D’AUCUNS SE DEMANDENT POURQUOI VOUS FAITES RAREMENT DES SPECTACLES?

Je fais rarement de spectacles parce que je ne veux pas rentrer dans des trucs de bruit. Quand je fais de la musique,  je fais une musique de qualité ou je ne fais rien (dit-il fermement). C’est comme quand je prépare des spectacles, je préfère à la limite préparer des grands spectacles plutôt que de jouer tout le temps. Qui dit mode dit démoder. Tu ne peux pas jouer dans un club tous les jours. Certes je l’ai fait pendant x annéed de ma vie. Je joue parfois dans des petits clubs pour me faire plaisir, mais j’invite les Sénégalais à être patients un tout petit peu. Je vais commencer à faire de grands spectacles avec sons et lumières. Du vrai grand spectacle avec de la qualité et non de la quantité. C’est très important pour moi. Je fête bientôt mes 51 de carrière. Ça va être une très grande fête et ce sera l’occasion de montrer sons et lumières en grand spectacle pour non sénégalais et non sénégalaise, pour le peuple sénégalais.

 DITES-NOUS  CE QUE VOUS PENSEZ DE LA MUSIQUE SENEGALAISE AVEC LA JEUNE GENERATION.

Moi j’ai beaucoup d’amis de la jeune génération qui viennent me voir. Mais je leur conseille d’être patients. Les 3P (la passion, la patience, la pureté) pour moi c’est très important. Il ne faut pas être pressé d’être vu à la télévision, ni d’être pressé d’être vu dans un journal, ou d’être pressé pour être écouté dans une radio. Quand on écrit, quand on est dans la musique, on est dans la musique pour la postérité. J’ai rencontré de très grands musiciens dans ma vie. Ce qui se ressemble s’assemble, tous les excellents musiciens ont la même sérénité, la même spiritualité. Les jeunes aujourd’hui doivent tout ramener à la spiritualité car il n’y a qu’elle qui est vraie. Qu’ils fassent de la musique, qu’ils soient patients, qu’ils soient en harmonie avec ce qu’ils font, qu’ils réfléchissent beaucoup à leurs textes.

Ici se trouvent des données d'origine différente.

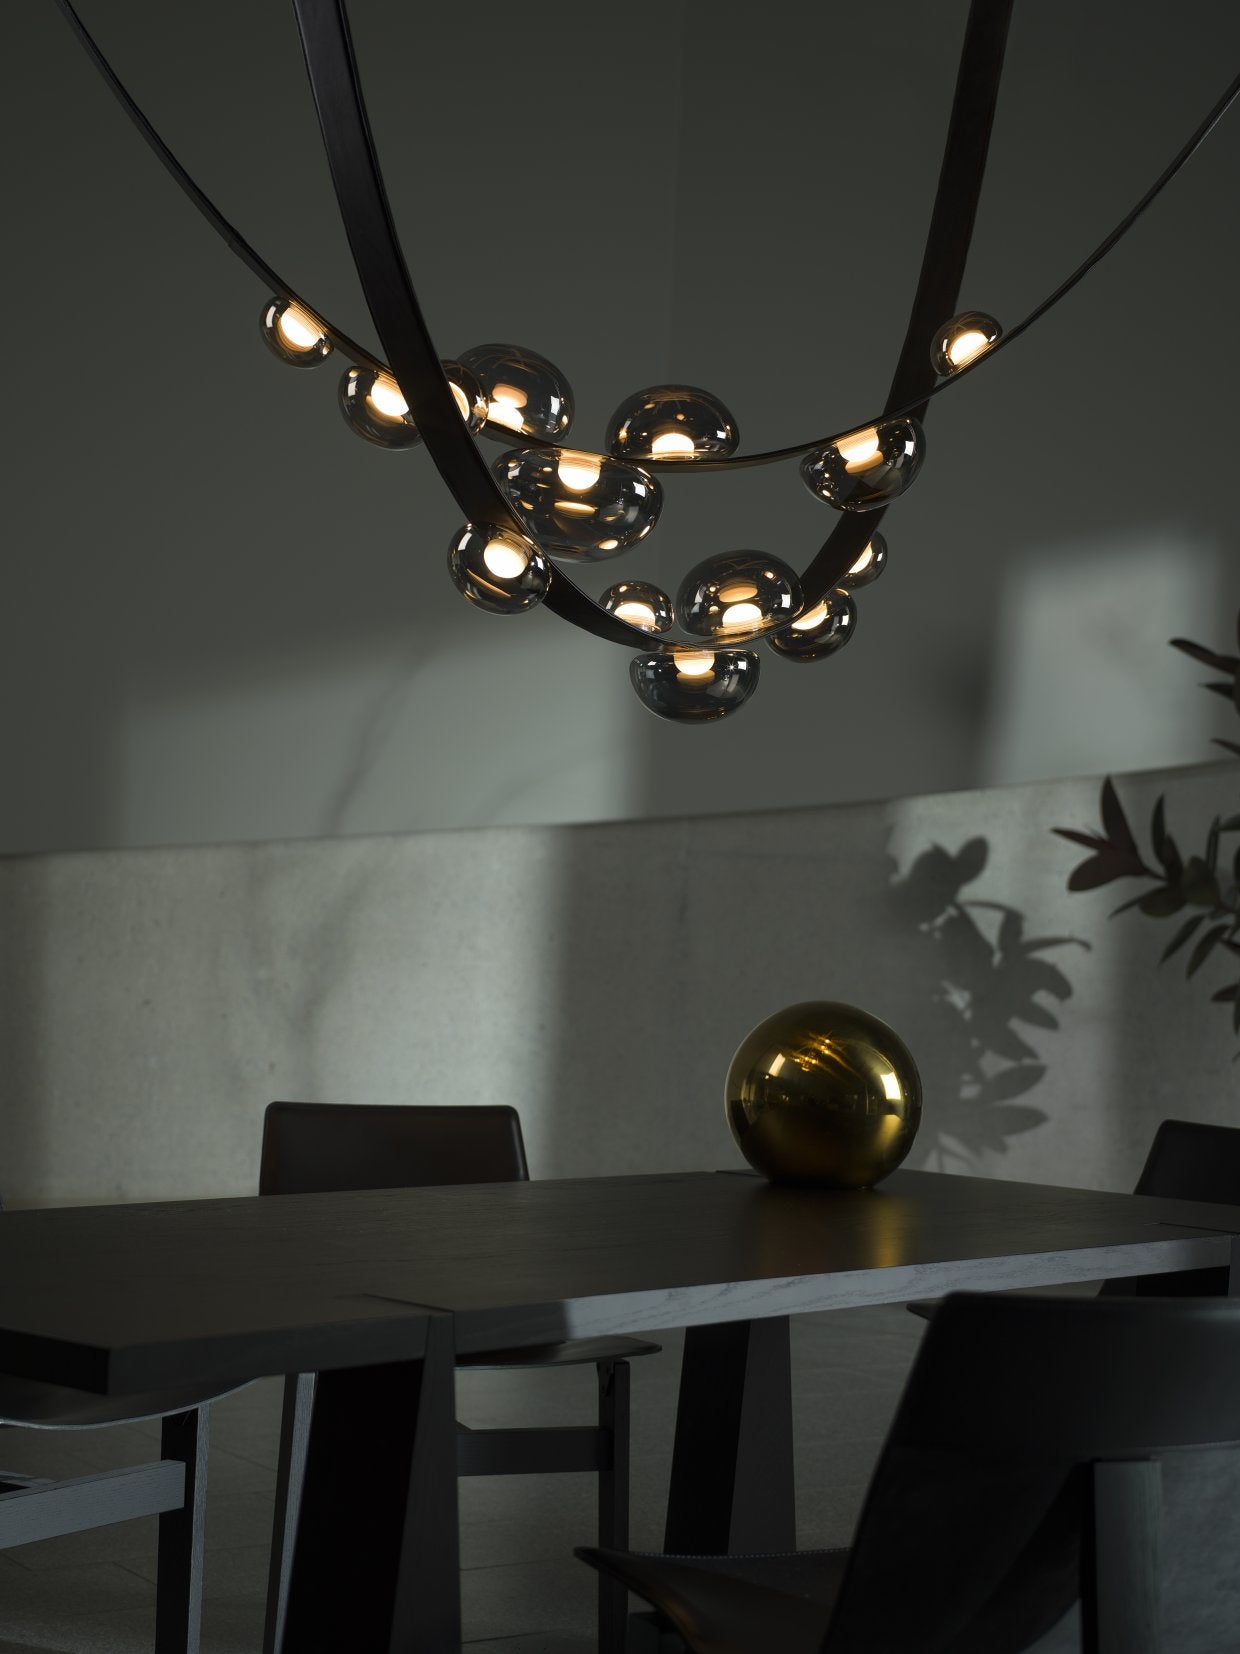 Bomma Dew Drops chandelier over a dark dining table
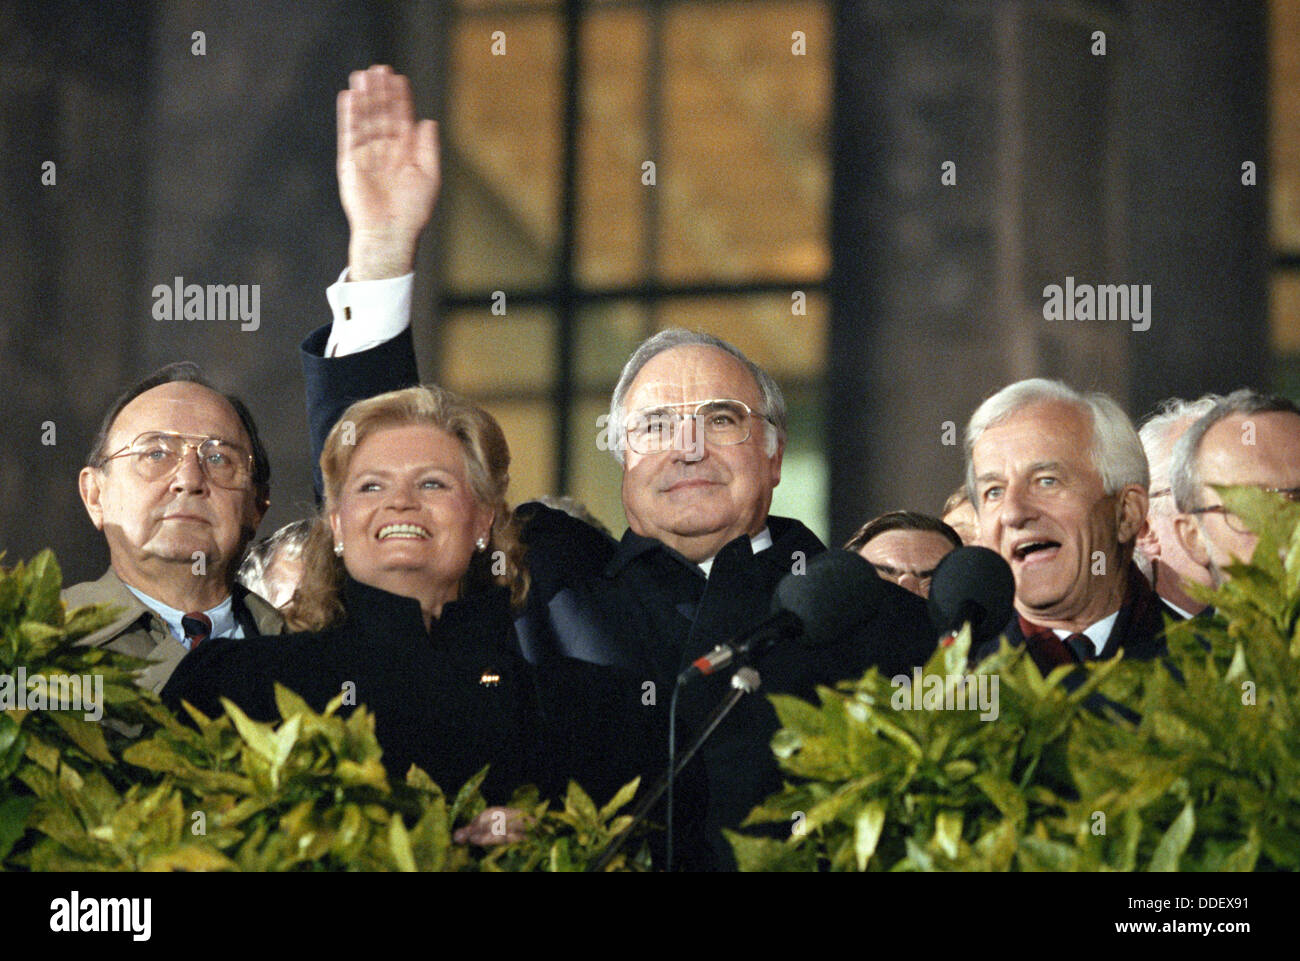 The Germans are reunited. Foreign Minister Hans-Dietrich Genscher (FDP, L-R), Mrs Hannelore Kohl, Chancellor Helmut Kohl (CDU), German President Richard von Weizsaecker and the last GDR Prime Minister Lothar de Maiziere wave from the stairs of the Reichstag building in Berlin on 03 October 1990. With the accession of the GDR to the Federal Republic of Germany, the Germans are finally reunited in a sovereign state 45 years after the end of World War II. Stock Photo

 VOUS AVEZ UN STYLE PANTALON PATTES D’EPH ET CASQUETTE VISSÉE SUR LA TETE?

C’est depuis ma tendre enfance. J’ai toujours porté des chapeaux et devenu une habitude. Et comme l’habitude est une seconde nature,  je ne change pas cette nature. Je vais vous confier un secret : tous les grands hommes ont quelque chose sur leur tête. Il n’y a rien qui est caché, c’est tout simplement mon style.

 VOS PROJETS AU SENEGAL?

J’ai ouvert un grand studio d’enregistrement pour la jeunesse du Sénégal et j’ai envie d’aider les jeunes par rapport à mon expérience. Le studio s’appelle « Ngor Island Studio ». Les gens viennent ici, il n’y a pas de bruit de voitures, il n’y a que la musique et la mer. Je l’ai ouvert pour tendre la main à la jeunesse sénégalaise.